Todd: Apple can definitely afford Nuance. In fact, Apple probably makes enough profit in a good quarter to buy Nuance outright. Nevertheless, it would be a BIG price tag, and not in line with Apple’s traditional acquisition strategy. I wouldn’t rule it out, but I wouldn’t say they “need” Nuance, either, but they do need to do something, and they know it. Apple has been posting job requisitions this year in the area of speech recognition, so they definitely want to bring more of the technology in-house. My guess is they’ll do some M&A in the speech technology area as well. Google and Microsoft have combined aggressive hiring with M&A, so it seems likely that Apple will go beyond the SIRI acquisition (which added an AI layer on top of Nuance) and acquire more core speech technology expertise.
Analyst: I agree with you that Apple makes/has enough cash to acquire Nuance, but that it would be out of character for Apple to do so. Where I’m most interested is whether there are meaningful technical/architectural reasons why Apple must partner with Nuance for SR, or if the gap between Nuance and these smaller players is narrow enough that Apple would acquire or partner more closely with one of the small guys in order to maintain more control over the technology. Many people seem to think that an SR acquisition would have to be of Nuance, but I’ve been told that there are many quality SR start-ups. If you had to bet, do you think that Apple needs the 800-pound gorilla Nuance in order to do a good job in SR, or would one of these smaller companies give Apple a sufficient base upon which to build out a solution?
Todd: I’m confident Apple will eventually own it. I’d say the odds of them buying Nuance though are quite low (10-30% as a wild guess). There’s no technical reason why they can’t use another technology, but the 3 best reasons they’d acquire Nuance are:
Apple’s in-house teams are quite familiar with the Nuance engines as they have already implemented them in some products. Apple is engaged in a lot of patent fights, and Nuance has the best portfolio of speech patents in the world – That’s a really valuable asset that the Google’s and Microsoft’s would probably fight over! Of course, for the cost of Nuance, someone could probably buy all of the other TTS and SR tech companies in the world! ;-)
Analyst: Apple really has a phobia about adding third-party software to their products. No Mosaic core in their browser, no audio compression codecs from Dolby or DTS, no Flash from Adobe…. They acquired two microprocessor design companies to create a proprietary stack on ARM chips rather than using broadly available chipsets from Qualcomm or Broadcom.

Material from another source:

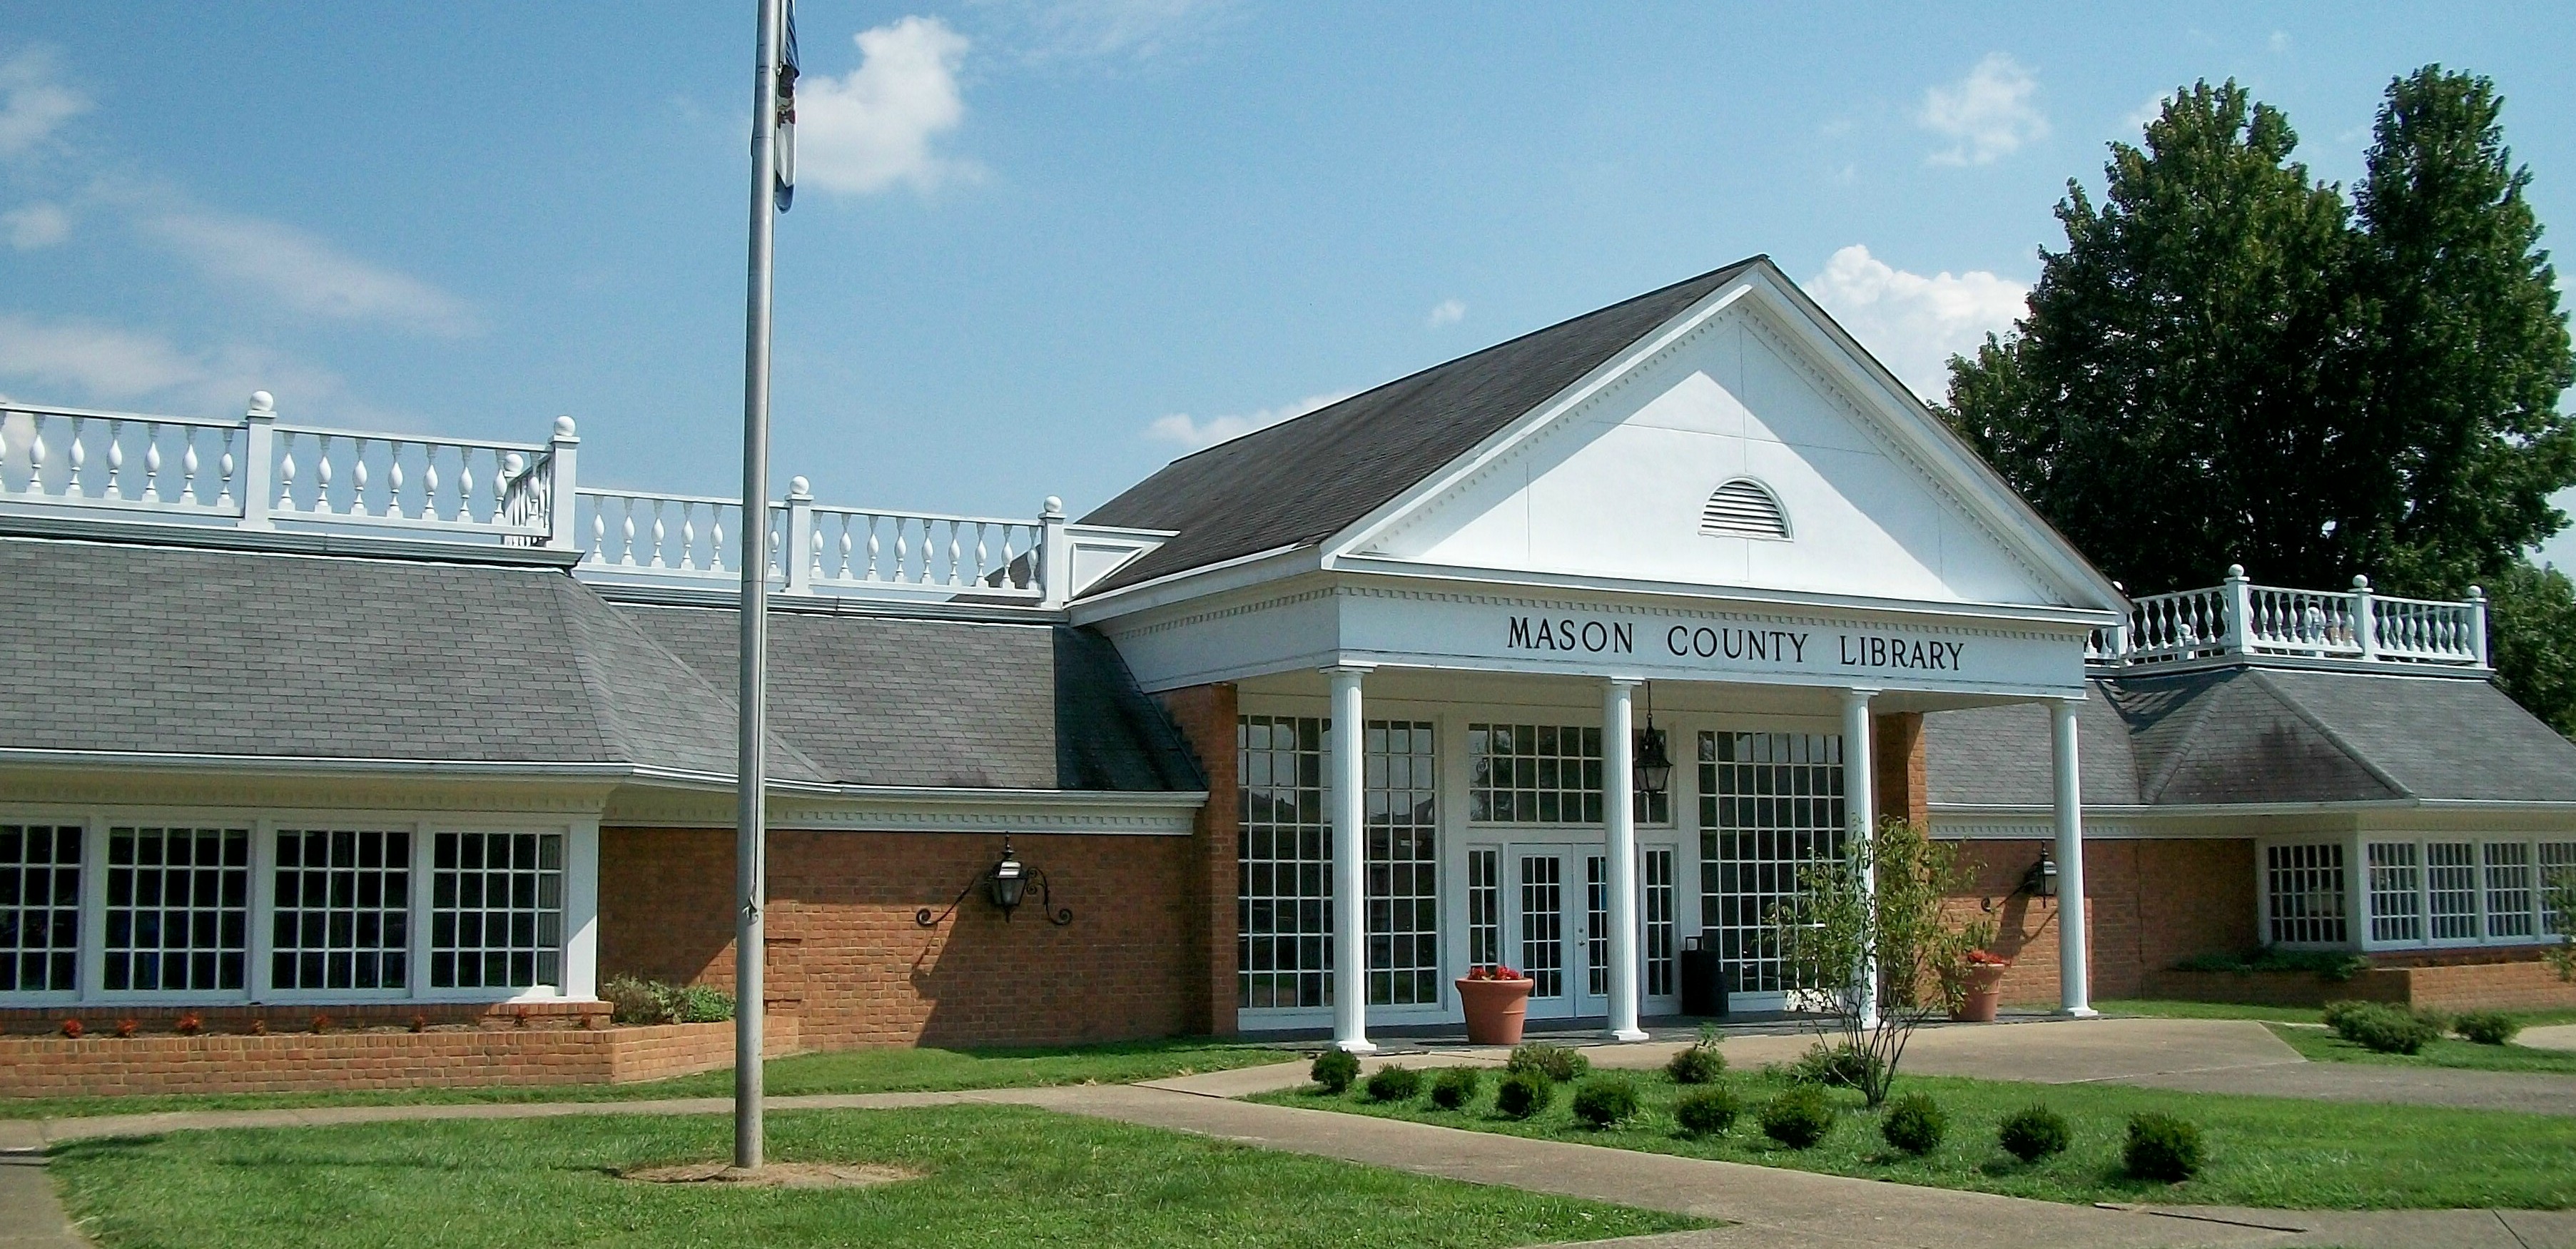 Mason county public library.

Now comes the question of what to do with SR technology….
Todd: It will be interesting to see how this all unfolds. I suspect a lot of other large companies will want to get into the game as well. It could be that the cloud-based solutions for TTS and SR become generic and replaceable enough that there isn’t a need to bring them “in-house”. Of course, Sensory is hoping and betting on the need for the Client/Server approaches, where an embedded solution (like our Truly Handsfree Triggers) nicely complement the cloud-based offerings.